Уже через год там появится настоящая граница, а в селе появятся бравые пограничники с настоящими боевыми автоматами. Петр уже к зиме переберется в райцентр вместе с бабушкой и дедом. Они продадут дом вместе со всеми хозпостройками и поселятся в новом и большом коттедже.

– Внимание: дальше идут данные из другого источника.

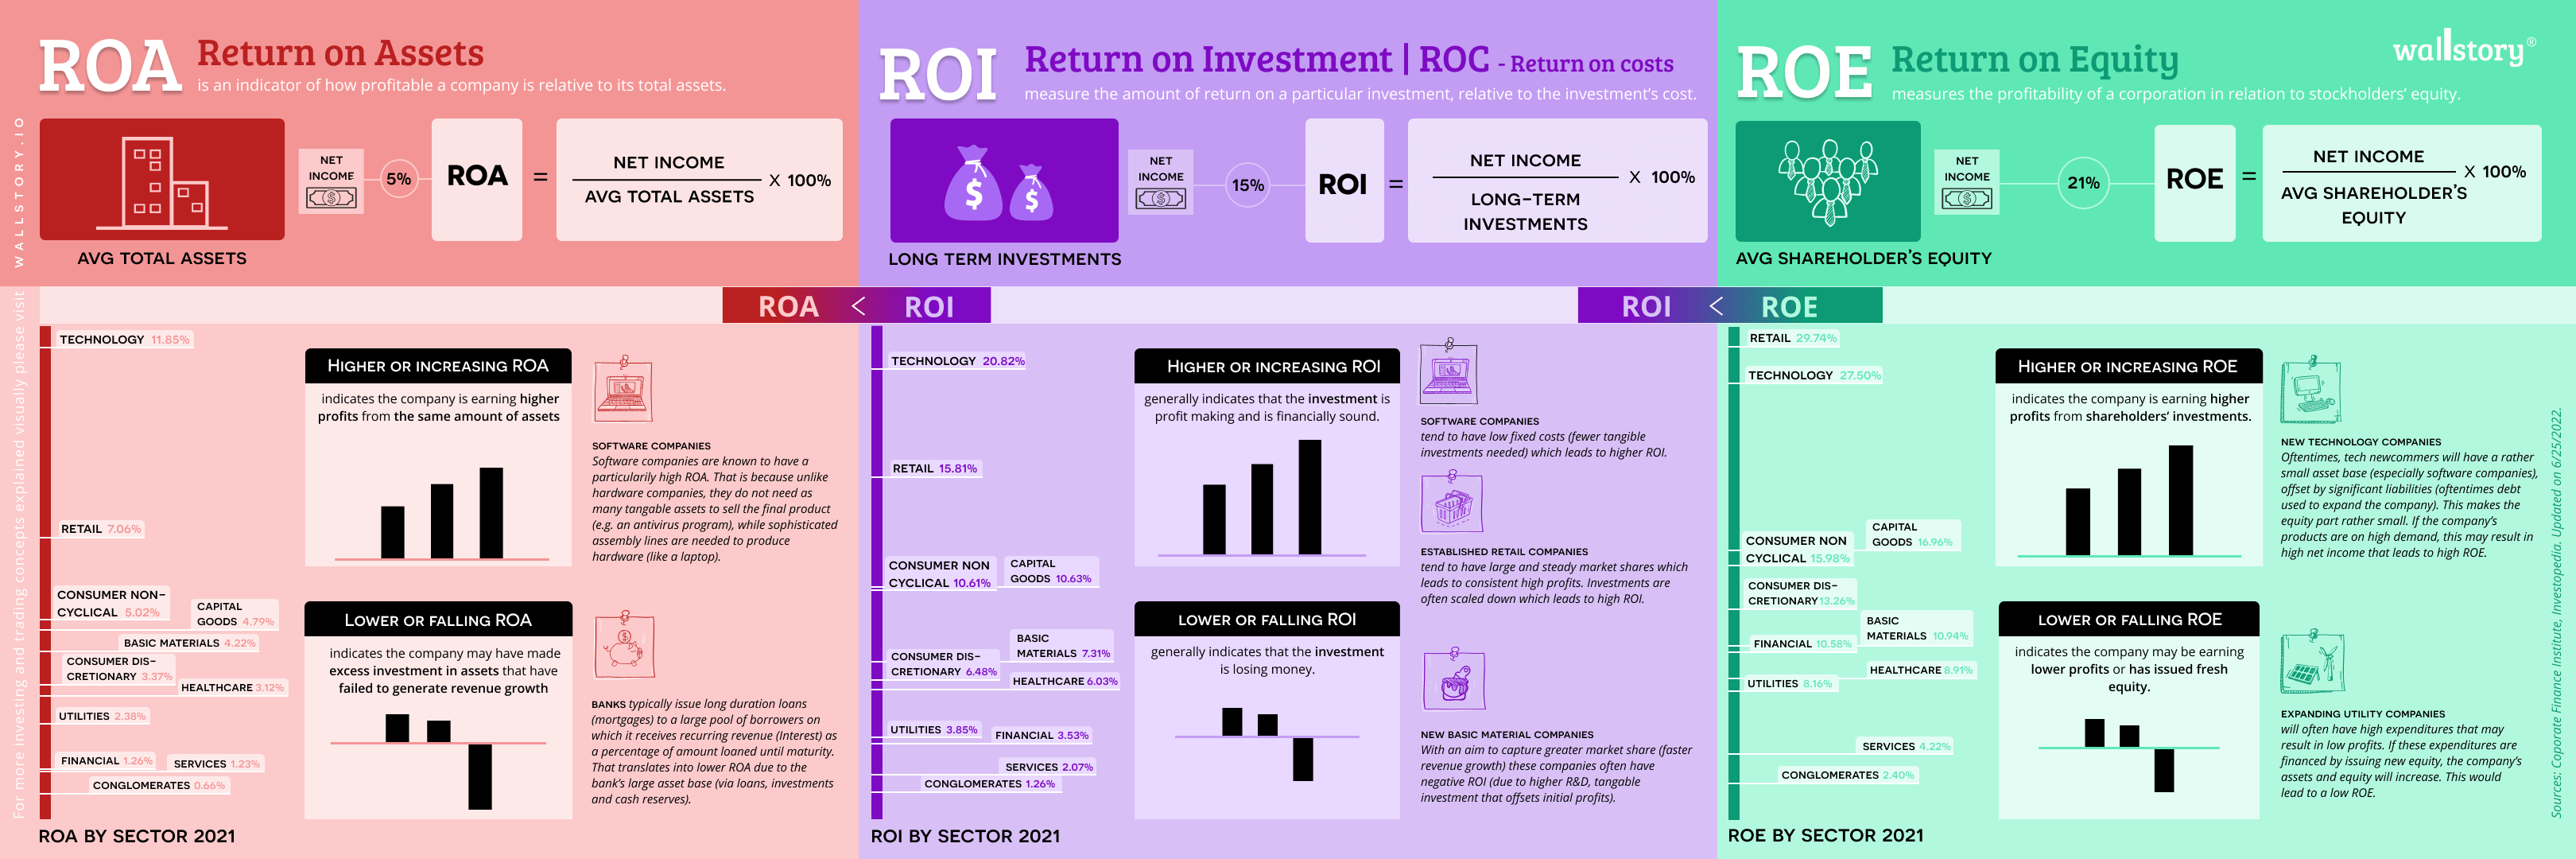 ROI (Return on Investment)

А еще через год уйдет навсегда дед, так и не дожив до новых пушечных залпов на Кавказе. Один за другим исполнят траурные партии на натянутых до звона бельевых веревках Мантюся и Ильин, потерявшись в Адечкином миру. Бек построит на старом кладбище мазарку и уедет из села, которое вечный камень так и утащил на дно реки жизни. Только старый автобус так и будет ехать в памяти прямиком в жаркое лето, где мы были больше похожи на беззаботных бабочек: резвились и порхали, видели только яркие цвета и вечную синь, в которую стремятся все души. Но так и потерялись в мареве за горизонтом безбрежной степи. За ним всегда праздник жизни, громкая музыка, арлекины и веселая ярмарка. Но все это будет потом. А пока наступала осень.
II
— Слышь, Махорыч. Чем травишься?
Север сидел на корточках на лавке, выставив напоказ кисти рук — все в неумелых, кривых татуировках.

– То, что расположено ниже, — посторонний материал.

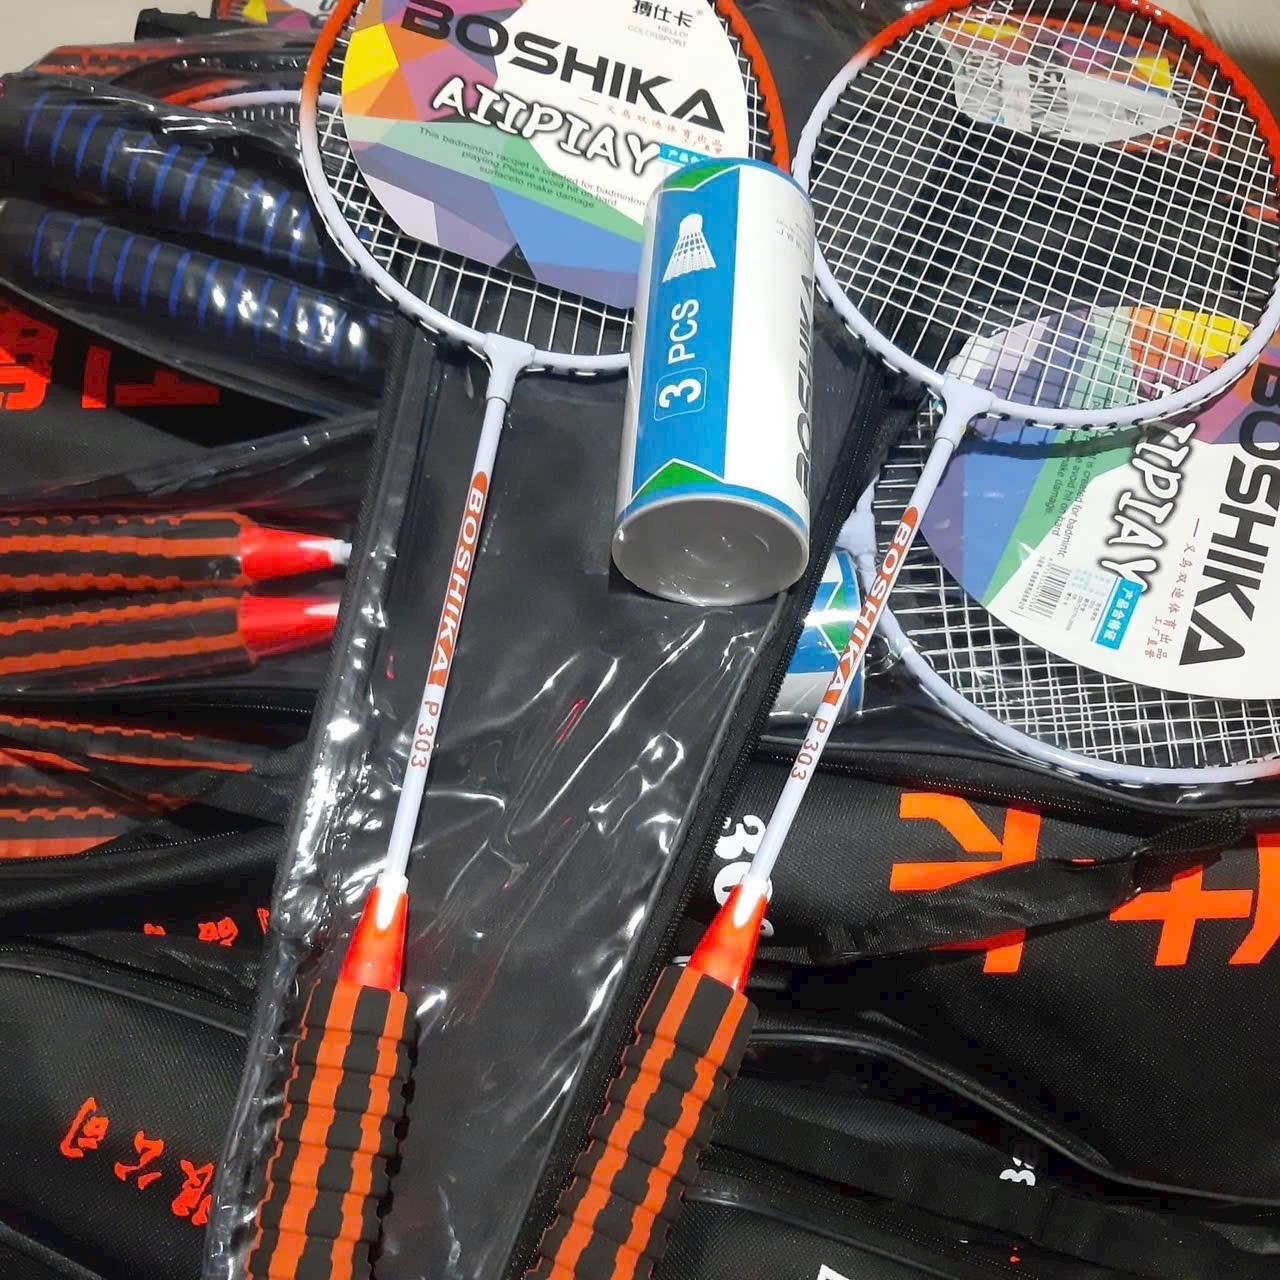 Bộ vợt cặp đánh cầu lông BOSIKA/ BOWANG cho bé / người lớn (tặng kèm 3 quả cầu)

— Перекумариваешь? Ну тоже ништяк. Я вот тоже по ходу перекумарю и в качалку пойду. А вот Наташка Журке вмазываться разрешила. Прикинь? Ха-а-а-а-а-а. Он вчера нажрался каких-то колес, забухал, потом ляпнулся ханкой и в форточку полез. Так и вырубился. Хозяин приходит, а он в форточке завис. Прикинь? Х-а-а-а-а. Лох — это болезнь!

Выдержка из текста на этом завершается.